[Data excerpts — start]

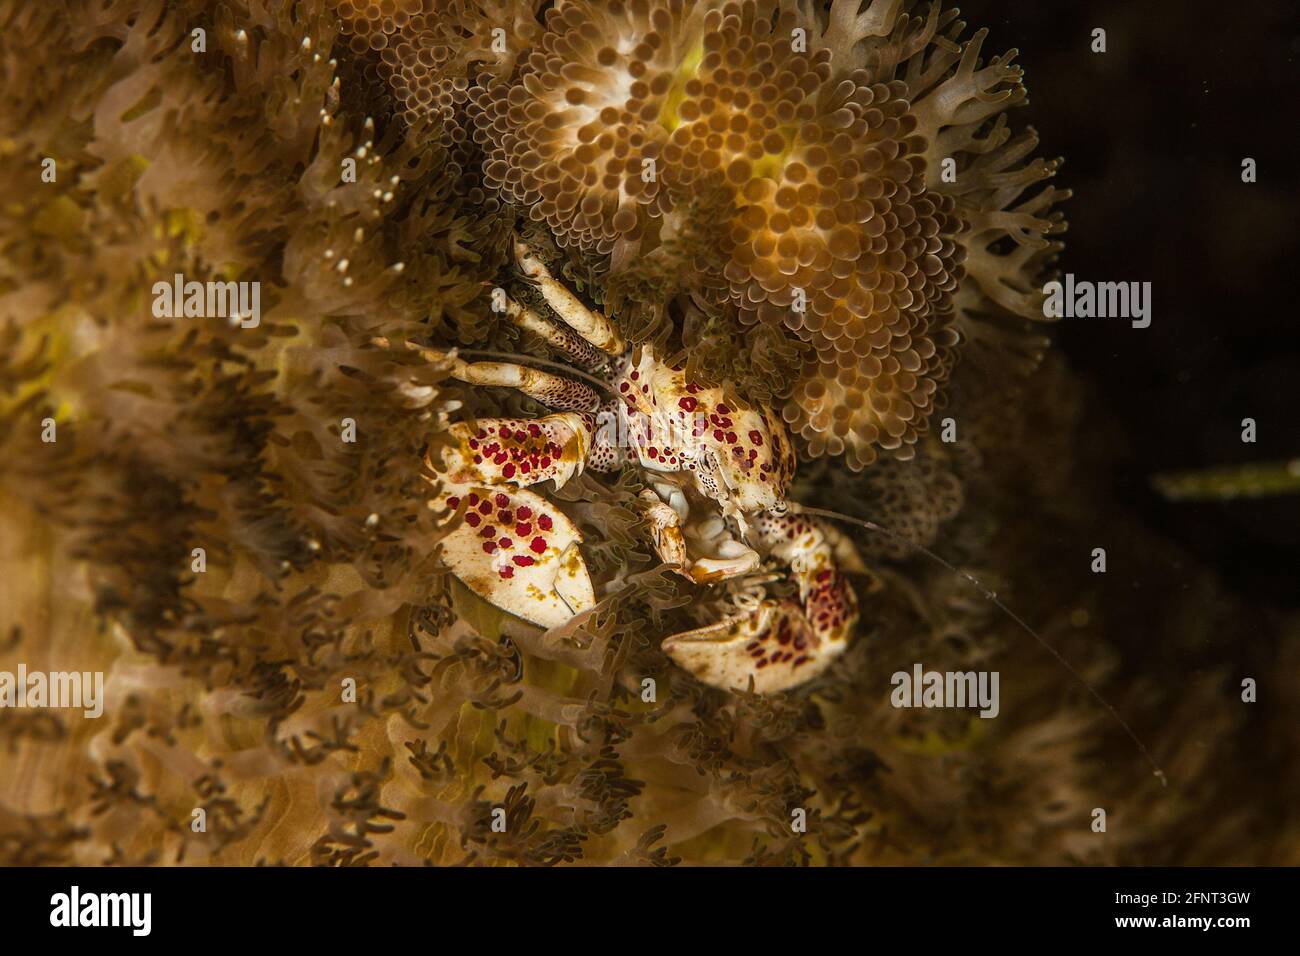 Porcelain Crab within a host anemone, Cebu, Philippines Stock Photo
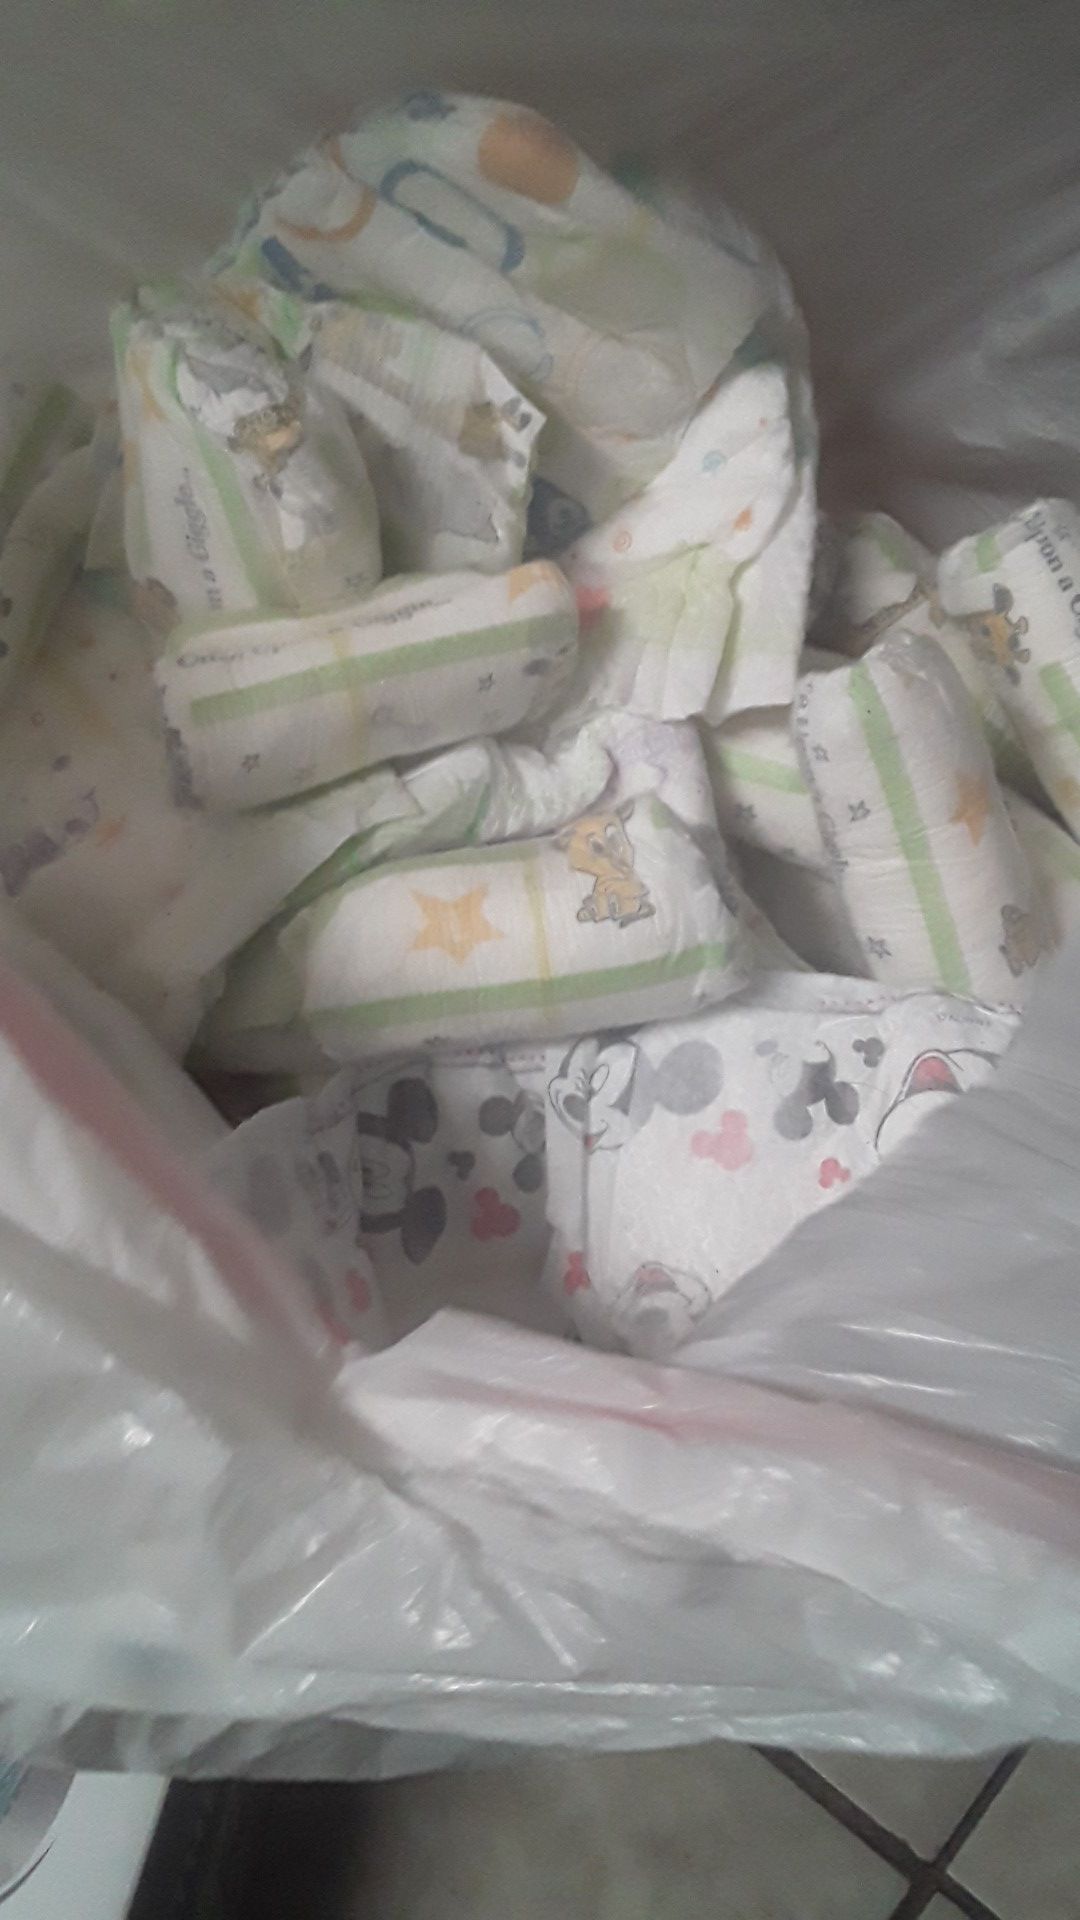 Various diapers
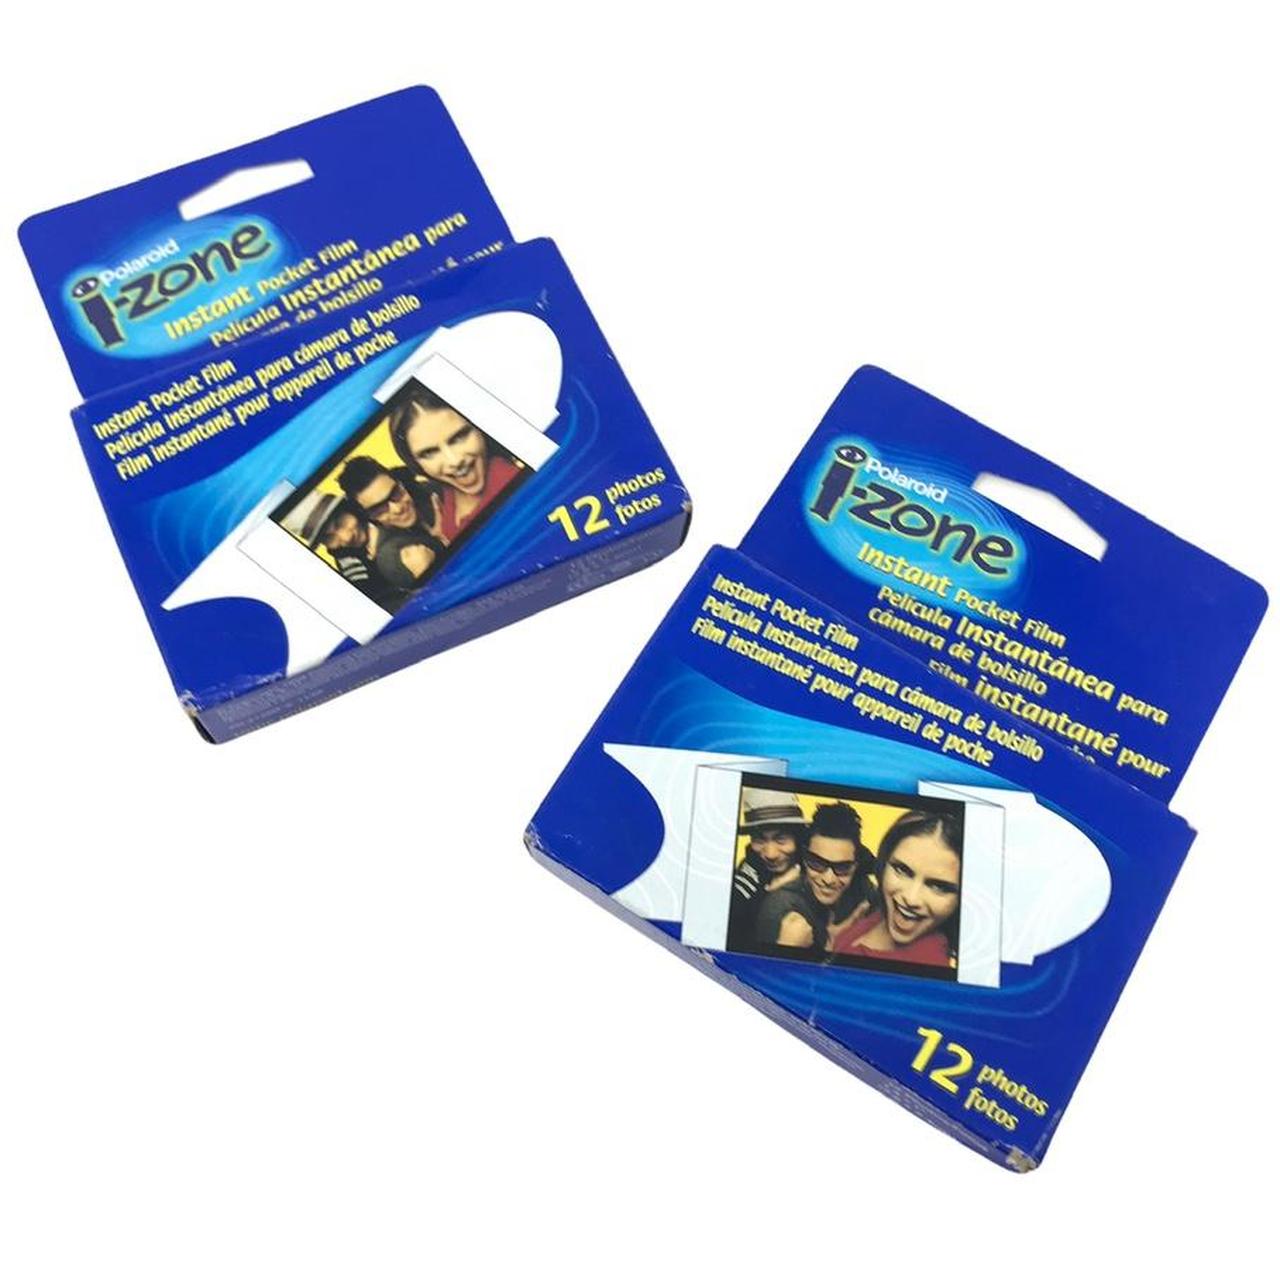 Product Image 1 - Polaroid I-Zone Instant Pocket Film

Two
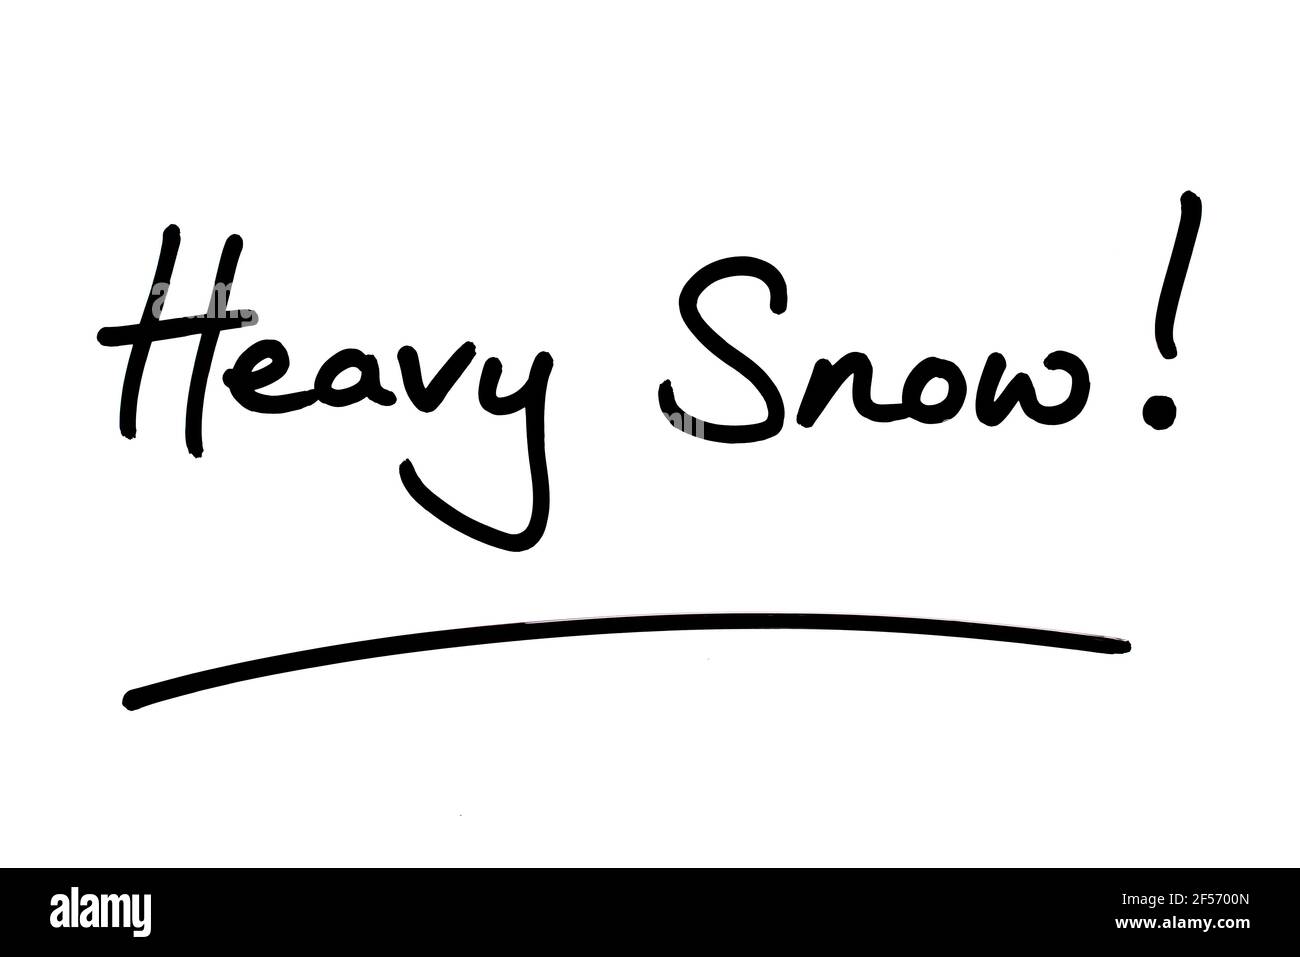 Heavy Snow! handwritten on a white background. Stock Photo

[Data excerpts — finish]

Only the lines from the one containing "Various diapers" through the final line of the data are to be written out, exactly as they stand and without pictures.

[Answer space]:
 Various diapers
 Product Image 1 - Polaroid I-Zone Instant Pocket Film

Two
 Heavy Snow! handwritten on a white background. Stock Photo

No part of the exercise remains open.